Translated with www.DeepL.com/Translator (free version)

Macron presents a military programming law 2024-30 of "transformation of the armies".


President Emmanuel Macron unveils on Friday 20 January the main orientations of the future military programming law 2024-2030, placed under the sign of the "transformation of the armies" against the backdrop of the return of war in Europe, since the Russian invasion of Ukraine almost a year ago. The head of state will speak about the new LPM during his wishes to the armed forces, at 11:45 am, on the air base of Mont-de-Marsan (Landes).

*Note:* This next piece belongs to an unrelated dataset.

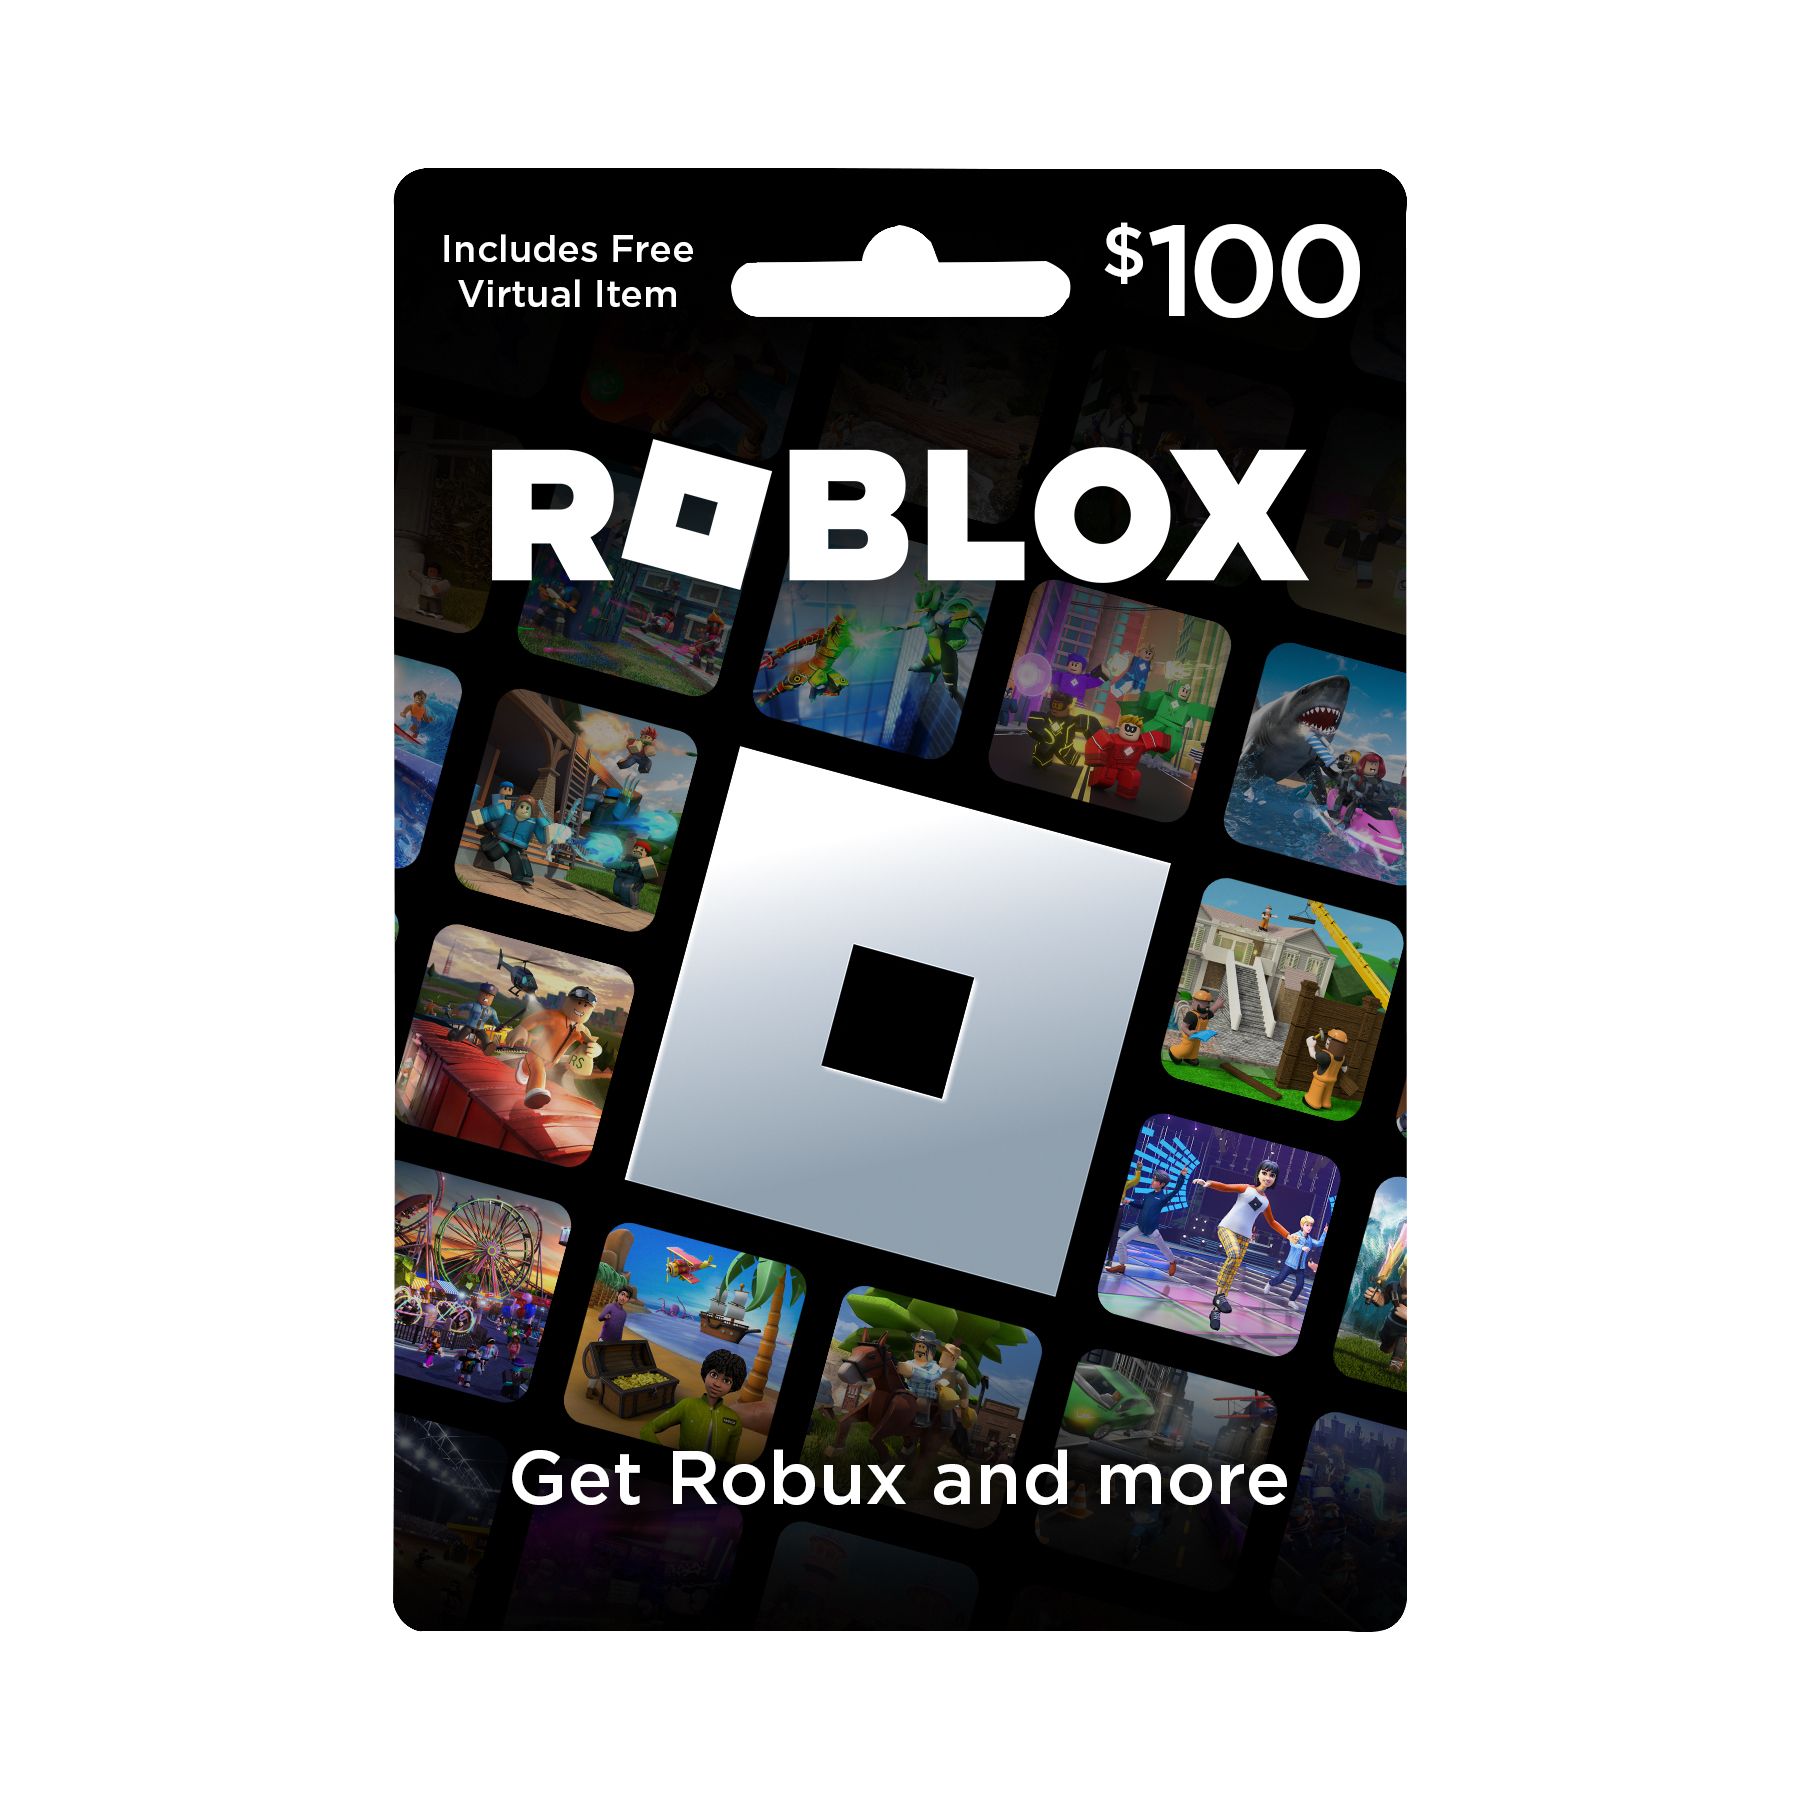 Roblox Roblox $25 Game Card | The Warehouse

A highly anticipated programmatic text, while the war in Ukraine has highlighted weaknesses in the French military system.

The law, which will be presented to parliament in March, promises to continue the financial effort in defence after a 2019-2025 LPM of 295 billion euros, which had put an end to years of budget cuts in the armies. "We are moving from a logic of repair to a logic of transformation of the armies. We must be able to be more effective and efficient," the Elysée stressed.

The head of state could specify this Friday the amount he intends to devote to defence over the next seven years, which could exceed 400 billion. A large budget increase, however, tempered by inflation and the explosion in energy costs. The war in Ukraine has pushed the most reluctant Europeans to spend more on defence. Last year, Germany released €100bn to modernise its armed forces.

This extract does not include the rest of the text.